I should have skipped over Missy here. I didn’t want all these further confused feelings from and for my sister on this night. This was my goddam night and it had been swell and the only should-I-stay-with-it-or-should-I-not question I wanted to think about was over me and this lute. I deleted her message and the next was Alain and my breath caught at the mere sound of his voice.
“Hello, Amy. I am in Arthur’s office and you and I are about to have dinner in a little Russian place I know, and when you hear this message, we will have kissed some and you will have found the lute. Yes. She is yours. She was alwa
ys intended to be yours. I gave her a long, sweet kiss on the rose and now she is for you.”
A single, uninflected tone of bafflement blared in my head now—though maybe it was simply the answering machine’s tone signaling the end of the message—and I tried to cut it off. This was a wonderfully sweet and charmingly improvised gesture, a loving thing, a geste d’amour. And now I was hearing Alain’s voice again, in message number three. “The door of the automobile is barely shut,” he said. “I have lost you from my arms and from my sight, but perhaps you already have your arms full of roses. I am so very sorry we are not together all the night long, but we are right to wait just a little. Good night, Amy.”

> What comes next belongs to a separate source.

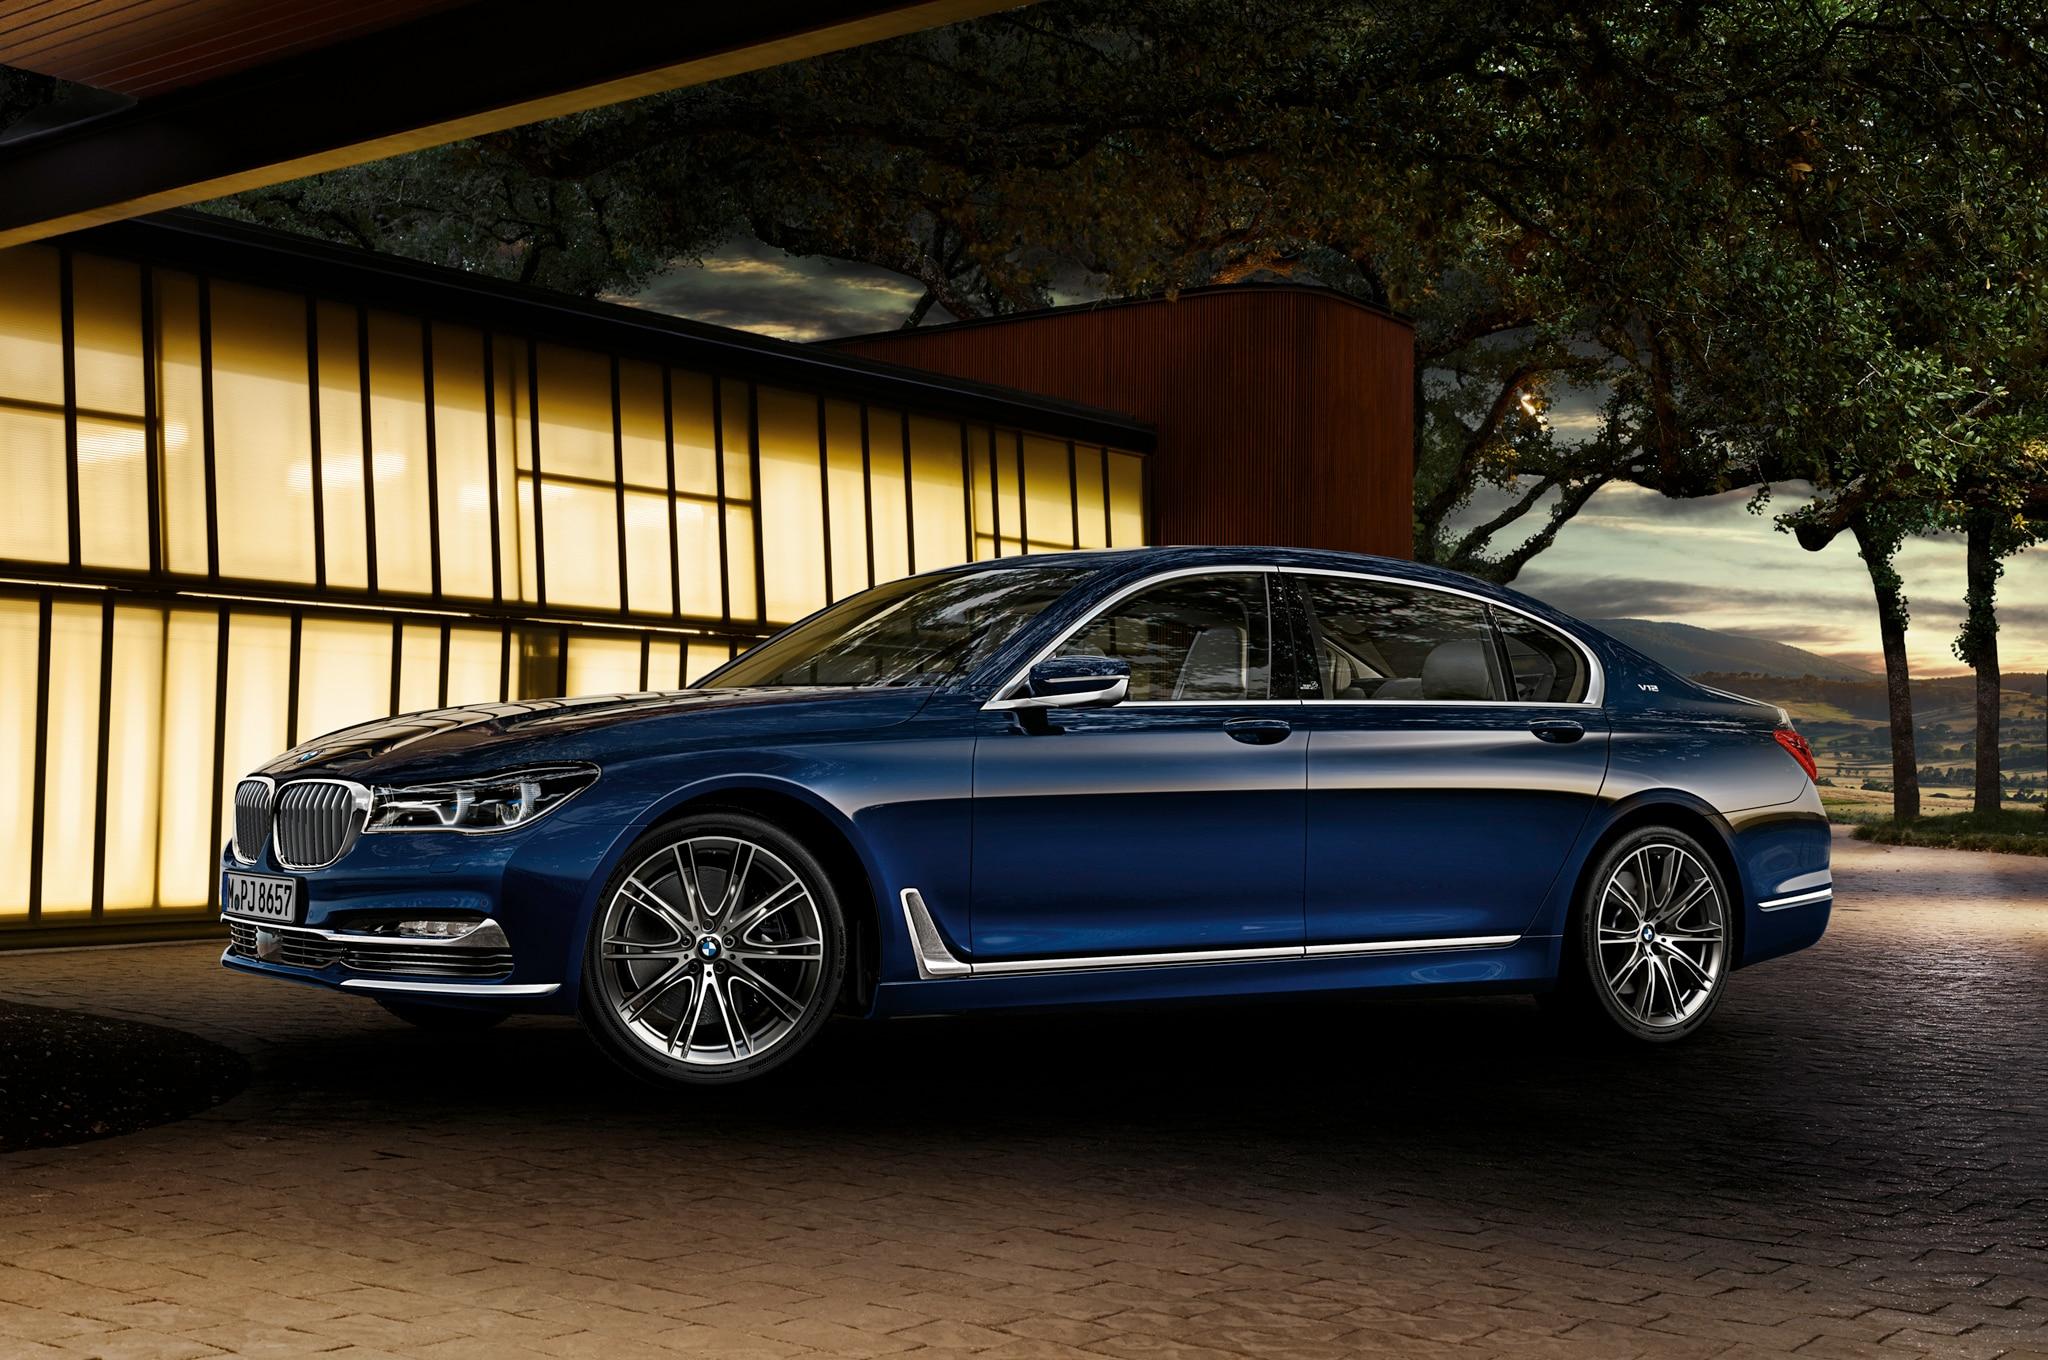 Special Edition 7 Series Celebrates BMWs Centennial

The answering machine blared and stopped and its fussy man’s voice said there were no more messages. I turned and faced the roses, and the couch had its back to me, and just out of sight in the pillows was the lute. I circled to stand before her. I angled my head to match her angle as she lounged there like the Naked Maja. This was how I was trying to sense the object—as her, as an icon of womanhood—I could hear Alain ask me the question he asked more than once—Do you understand?—and I stood before the lute and worked on that. And I tried to understand why understanding this was not an immediate and happy thing. I did not play the lute. No one, surely, ever assumed I played the lute. And I saw this clearly as an instrument, as a thing to be played—it was only twenty-five years old, after all, not exactly an object transcendent with age, no matter what auctioneering spin I’d put on it tonight. So what? So this. I knew what I was thinking of. I was thinking of a goddam useless-to-me horse saddle. A beautiful saddle. And that made me mad. Get the hell out of this, Daddy. This lute was nothing like a saddle. It was not just a utilitarian thing, it was an object of beauty, as well. That’s how it was offered. It had meaning in that way for Alain. I could understand that meaning. And it actually seemed a sexy and special thing to me—in my mind, at least—for a man to elaborate his appreciation for women in this lovely, metaphorical way.